I do not want at this late hour to elaborate on that subject, especially as many examples have already been given by the hon. and gallant Gentleman. I would, however, emphasise that the British Government have never condoned this propaganda. We have always taken a very serious view of it, and have never said that we were prepared to acquiesce in it. On former occasions, when it has become bad, we have always made the strongest representations, and our experience has been that those representations have led to improvements. They have been, alas, temporary and not permanent improvements but the representations have for the time being led to an improvement. During the last three months there has been a recrudescence of propaganda and it is for that reason, as the House was told a few days ago, that the Foreign Secretary sent for the Italian Ambassador and told him that His Majesty's Government were well aware of this propaganda, adding that, unless it could be brought to an end, it would be impossible to create the atmosphere necessary for the prosecution of successful conversations designed to improve our mutual relations.
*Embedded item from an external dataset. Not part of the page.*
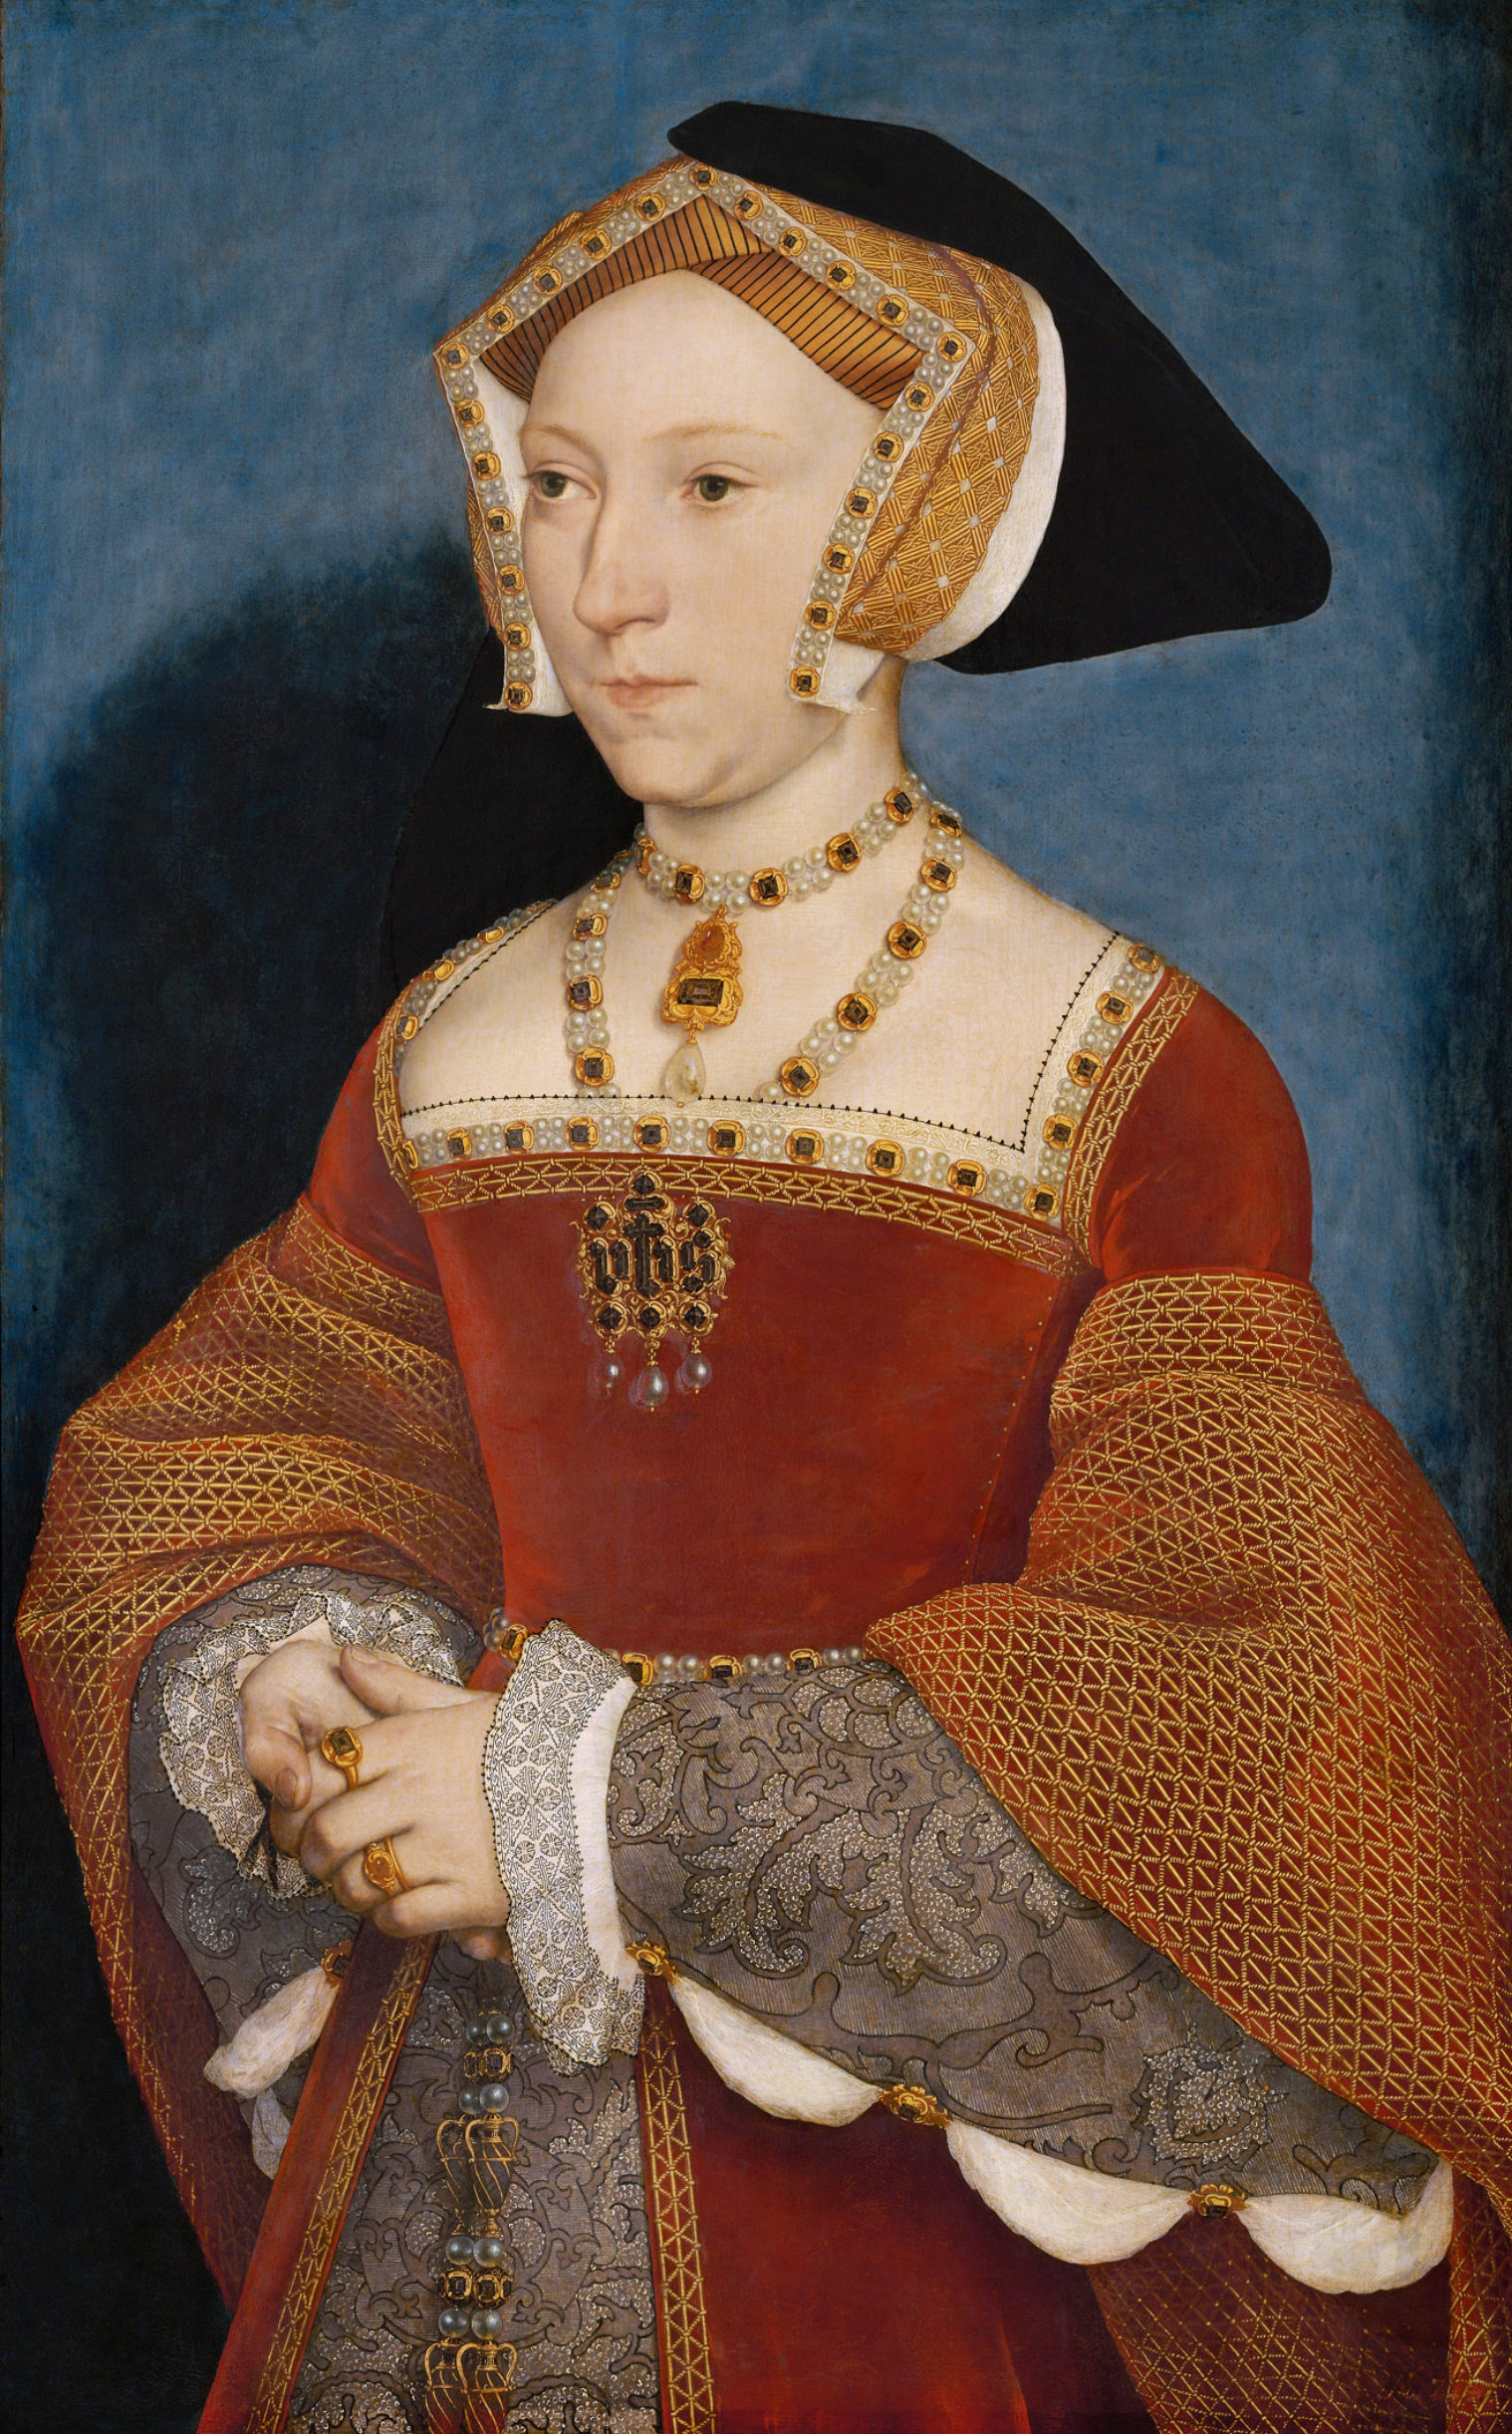 Hans Holbein the Younger: Jane Seymour, 1536/1537. Kunsthistorisches Museum.
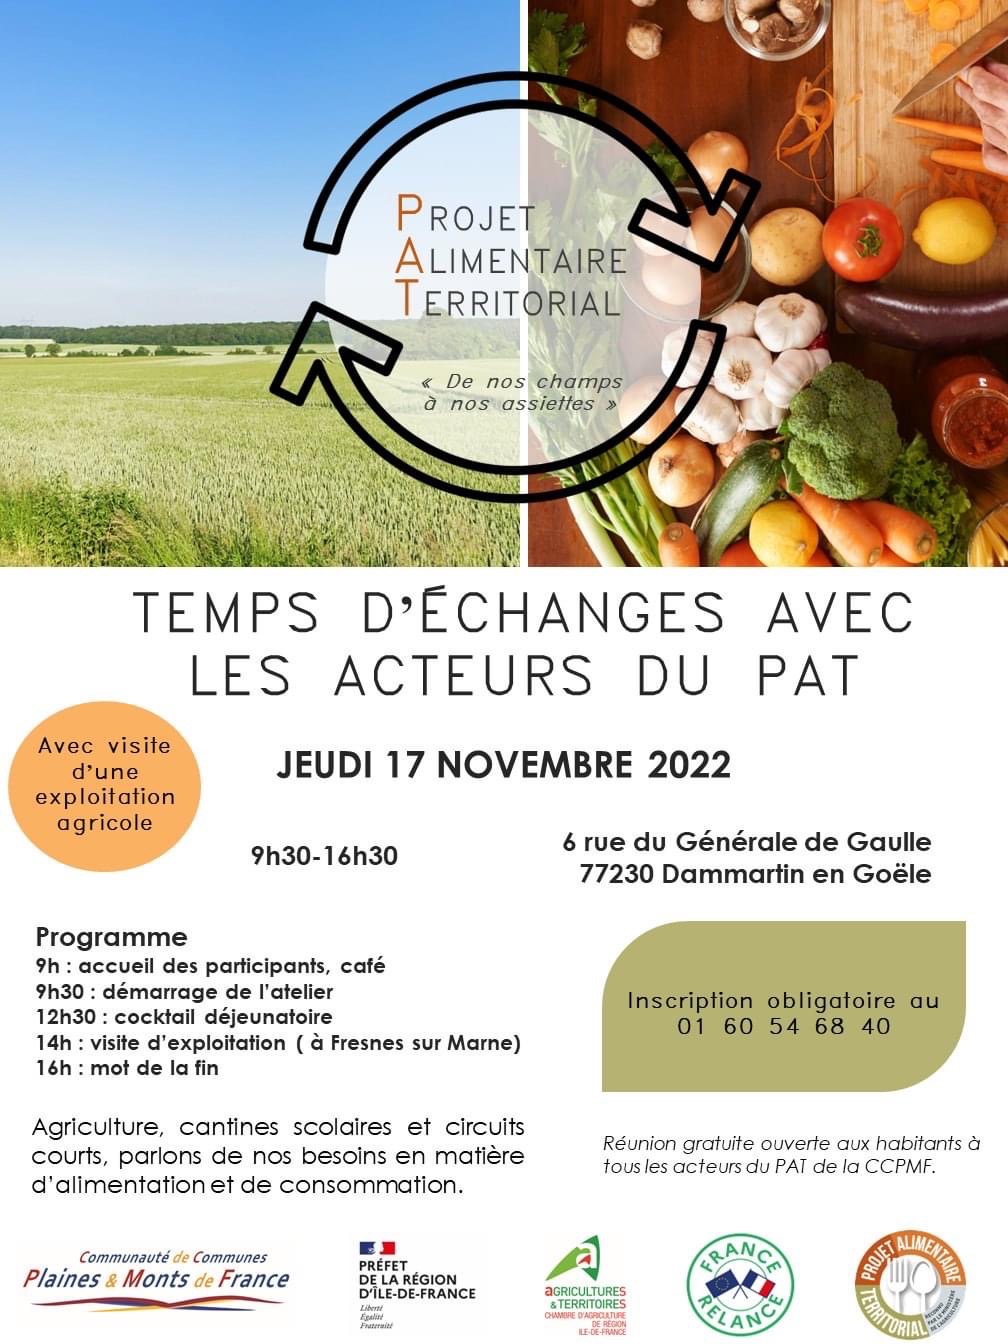 CCPMF - PROJET ALIMENTAIRE TERRITORIAL

Following on that answer there was a supplementary question which my right hon. Friend answered. I think his answer to that supplementary question has given rise to a certain amount of misconception and perhaps I may take this opportunity of clearing it up. My right hon. Friend was asked, "Has this propaganda stopped" and he said "No." I think the impression was gained by numbers of hon. Members that he meant that the representations had entirely failed. He did not mean that. What he meant was that there was no evidence yet that the representations had taken effect and that was not really to be wondered at because the representations were only made recently and they had to be transmitted to Rome and considered there. In those circumstanes it would be premature to say that they have failed. On former occasions they have been, to a certain extent, effective and it is our hope and belief that the good sense of the Italian people will ensure that they are effective again. If they are not effective it is clear that sooner or later we must take further measures. We have taken certain measures but, as I say, if they are not effective we must go further and take such other measures as we think necessary or proper. But I do not want to stress that aspect of the question to-day because we do not want to be compelled to take measures. We do not want strained relations between ourselves and any other country.

What we really want is a return to the confident friendship which existed always in olden times between ourselves and Italy. But I emphasise the fact that confident friendship requires mutual respect and mutual understanding and if this Debate, however short it may have been, serves to show to the Italian Government that opinion in all quarters not only in this House but in the country views this matter with concern; if it shows that it is not a matter, as I have seen suggested in the Press, of one Member of the Government or of the Government as a whole being concerned but that the whole people of the British Isles feel concerned about this, and if it shows that this concern has not been aroused from any natural antipathy to the Italian people but from a sincere desire that such conditions should be created as will allow of the restoration of our old relations with that country, then I believe that this Debate will have served a very useful purpose.